Furthermore, a PMU data channel is adopted between the wind power plant synchronous vector measuring device and the scheduling end primary frequency modulation master station, real-time data are transmitted by adopting an IEC103 protocol, and the data precision is 10-100 ms;

a telecontrol data channel is adopted between the primary frequency modulation master station at the dispatching end and the primary frequency modulation response substation at the same wind power plant end as well as the AGC system of the wind power plant, and data communication is carried out based on a 102 protocol;

the wind power plant EMS system and the wind power plant end primary frequency modulation response substation and the wind power plant AGC system are in data communication, the synchronous vector measurement unit and the wind power plant end primary frequency modulation response substation are in data communication through a local area network interface hard wiring, and the data communication is carried out based on an IEC104 protocol.

Further, the fact that the test condition of the test operation task is matched with the current wind power plant operation condition means that the wind power plant ultra-short term wind power predicted value within 90s meets the wind power plant operation condition requirement required by the test condition.

In yet another aspect, a readable storage medium includes computer program instructions, and the computer program instructions, when executed by a processing terminal, cause the processing terminal to execute the online active evaluation method for wind power primary frequency modulation capability in inland mountainous regions.

Advantageous effects

The technical scheme of the invention provides an online active evaluation method, a system and a medium for the primary frequency modulation capability of wind power in inland mountainous regions, wherein the system comprises a scheduling end primary frequency modulation evaluation master station, a wind power field end primary frequency modulation response substation, a wind power field EMS system, a wind power field AGC system, a data communication network shutdown machine and a wind power field synchronization vector measuring device; the scheduling end primary frequency modulation evaluation master station finishes online test items in a primary frequency modulation active test operation task set one by one on the basis of wind power plant operation conditions and wind power ultra-short term prediction data, and simultaneously finishes primary frequency modulation capability evaluation and visual display of the wind power plant on line in real time; the wind power plant end primary frequency modulation response sub-station automatically generates a primary frequency modulation active test task set, and real-time online calculates the output active power adjustment quantity of the wind power plant in the test process, so that the wind power plant participates in primary frequency modulation of the power grid. The invention designs a system communication method and an online active evaluation method flow, can automatically complete all test items in a wind power plant primary frequency modulation capability test task set on line, and automatically quantizes and evaluates test operation results, and has important significance for accurately mastering the primary frequency modulation capability of the wind power plant and ensuring the stability and safety of the power grid frequency.
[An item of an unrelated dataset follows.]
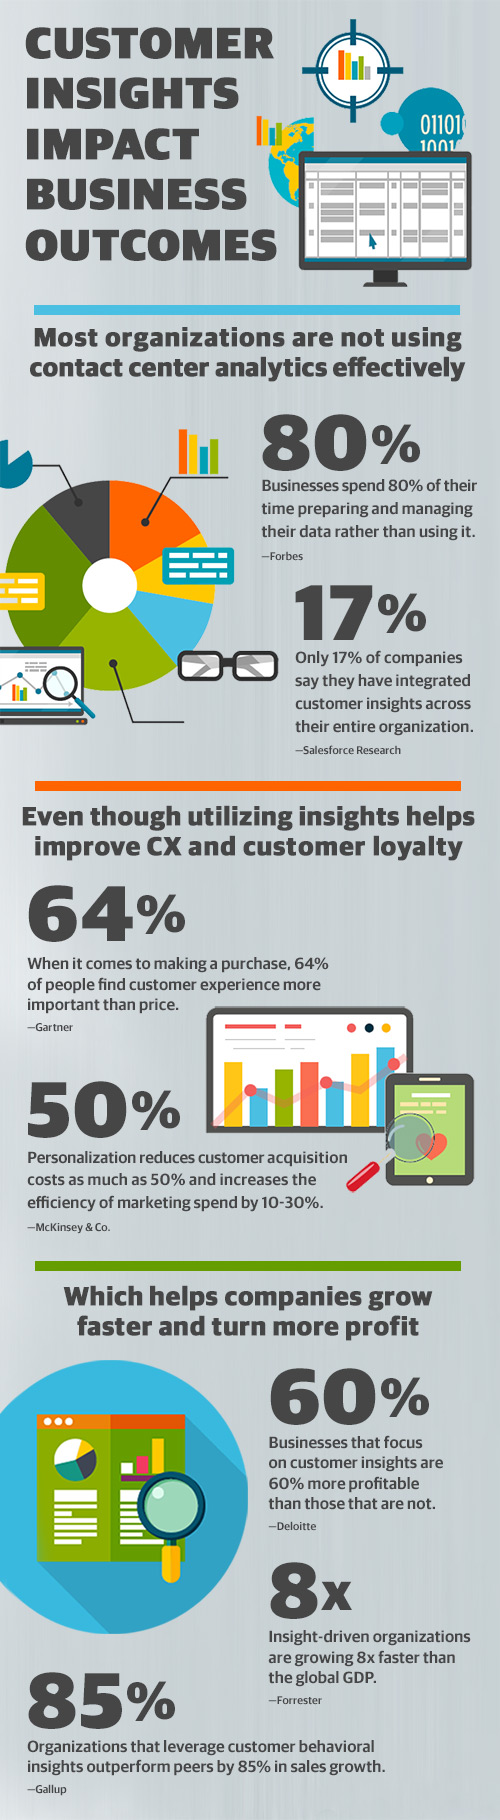 Infographic showing the impact of utilizing customer and call center analytics insights to optimize business operations and increase customer lifetime value

The online active evaluation method provided by the invention has the following advantages:

(1) in the active evaluation process, functions of all system modules are clearly divided, and all instruction calculation, execution logic and remote control and remote measurement data information transmission in the wind power plant EMS are avoided, so that the system architecture design and the active test flow are simplified;

(2) the method has the advantages that the test job task set and the test information thereof are automatically generated at the wind power plant end primary frequency modulation response substation, the data analysis and preprocessing time after the test information data is transmitted to the wind power plant substation by the scheduling end master station is saved, and the time and the efficiency required by the online active test of the wind power primary frequency modulation capability are reduced.

(3) In order to meet the requirements of rapidity and reliability, data information required by active evaluation is subjected to staged miss processing. The control information such as remote control and remote measurement in the active test process is transmitted in real time, and the synchronous vector measurement data required by the active evaluation of the primary frequency modulation performance is acquired through a calling mode after the test is finished.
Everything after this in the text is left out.